Find the roots r₁, r₂, r₃, r₄ of the equation 4x⁴ - ax³ + bx² - cx + 5 = 0, given that they are positive reals satisfying r₁/2 + r₂/4 + r₃/5 + r₄/8 = 1.

Solution

We have r₁r₂r₃r₄ = 5/4 and hence (r₁/2) (r₂/4) (r₃/5) (r₄/8) = 1/4⁴. But AM/GM gives that (r₁/2) (r₂/4) (r₃/5) (r₄/8) ≤ ( (r₁/2 + r₂/4 + r₃/5 + r₄/8)/4 )⁴ = 1/4⁴ with equality iff r₁/2 = r₂/4 = r₃/5 = r₄/8. Hence we must have r₁ = 1/2, r₂ = 1, r₃ = 5/4, r₄ = 2. 

Problem B1

The reals x, y, z satisfy x ≠ 1, y ≠ 1, x ≠ y, and (yz - x²)/(1 - x) = (xz - y²)/(1 - y). Show that (yx - x²)/(1 - x) = x + y + z.

Solution

We have yz - x² - y²z + yx² = xz - y² - x²z + xy². Hence z(y - x - y² + x²) = -y² + xy² - x²y + x². Hence z = (x + y - xy)/(x + y - 1).
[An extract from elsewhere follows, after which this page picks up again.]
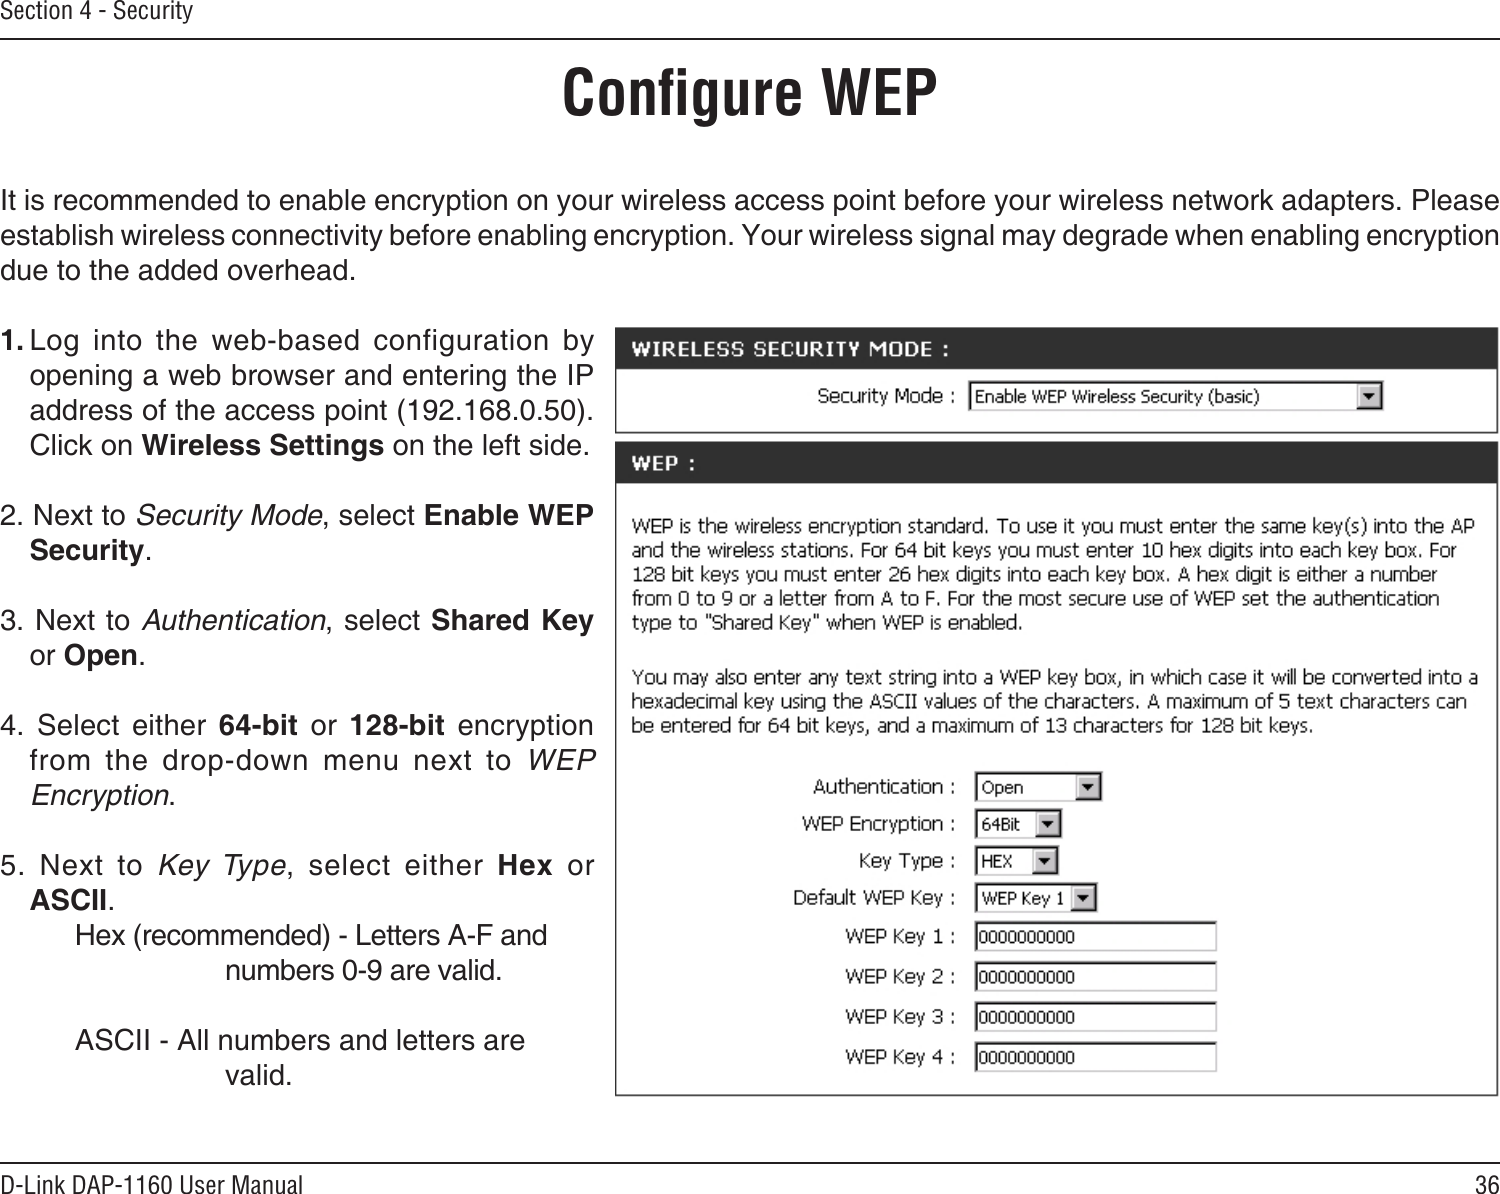 36D-Link DAP-1160 User ManualSection 4 - SecurityConﬁgure WEPIt is recommended to enable encryption on your wireless access point before your wireless network adapters. Please establish wireless connectivity before enabling encryption. Your wireless signal may degrade when enabling encryption due to the added overhead.1. Log  into  the  web-based  configuration  by opening a web browser and entering the IP address of the access point (192.168.0.50).  Click on Wireless Settings on the left side.2. Next to Security Mode, select Enable WEP Security.3. Next to Authentication, select Shared Key or Open.4.  Select  either  64-bit  or  128-bit  encryption from  the  drop-down  menu  next  to  WEP Encryption. 5.  Next  to  Key  Type,  select  either  Hex  or ASCII.    Hex (recommended) - Letters A-F and        numbers 0-9 are valid.    ASCII - All numbers and letters are        valid.

So yz = x + y + z - xy - xz, so yz - x² = x + y + z - x² - xy - xz = (x + y + z)(1 - x), so (yz - x²)/(1 - x) = (x + y + z). 

Problem B2

The function f(n) is defined on the positive integers and takes non-negative integer values. It satisfies (1) f(mn) = f(m) + f(n), (2) f(n) = 0 if the last digit of n is 3, (3) f(10) = 0. Find f(1985).

Solution

If f(mn) = 0, then f(m) + f(n) = 0 (by (1)). But f(m) and f(n) are non-negative, so f(m) = f(n) = 0. Thus f(10) = 0 implies f(5) = 0. Similarly f(3573) = 0 by (2), so f(397) = 0. Hence f(1985) = f(5) + f(397) = 0.

Problem B3

O is the circumcenter of the triangle ABC. The lines AO, BO, CO meet the opposite sides at D, E, F respectively. Show that 1/AD + 1/BE + 1/CF = 2/AO.

Solution

Projecting onto the altitude from A, we have AD cos(C - B) = AC sin C = 2R sin B sin C, so 2R/AD = cos(C - B)/(sin B sin C).

Hence 2R/AD + 2R/BE + 2R/CF =cos(C - B)/(sin B sin C) + cos(A - C)/(sin C sin A) + cos(B - A)/(sin A sin B). So 2R sin A sin B sin C (1/AD + 1/BE + 1/CF) = sin A cos(B - C) + sin B cos(C - A) + sin C cos(A - B) = 3 sin A sin B sin C + sin A cos B cos C + sin B cos A cos C + sin C cos A cos B = 3 sin A sin B sin C + sin(A + B) cos C + sin C cos A cos B = 3 sin A sin B sin C + sin C (cos C + cos A cos B) = 3 sin A sin B sin C + sin C (-cos(A + B) + cos A cos B) = 4 sin A sin B sin C. Hence 1/AD + 1/BE + 1/CF = 2/R.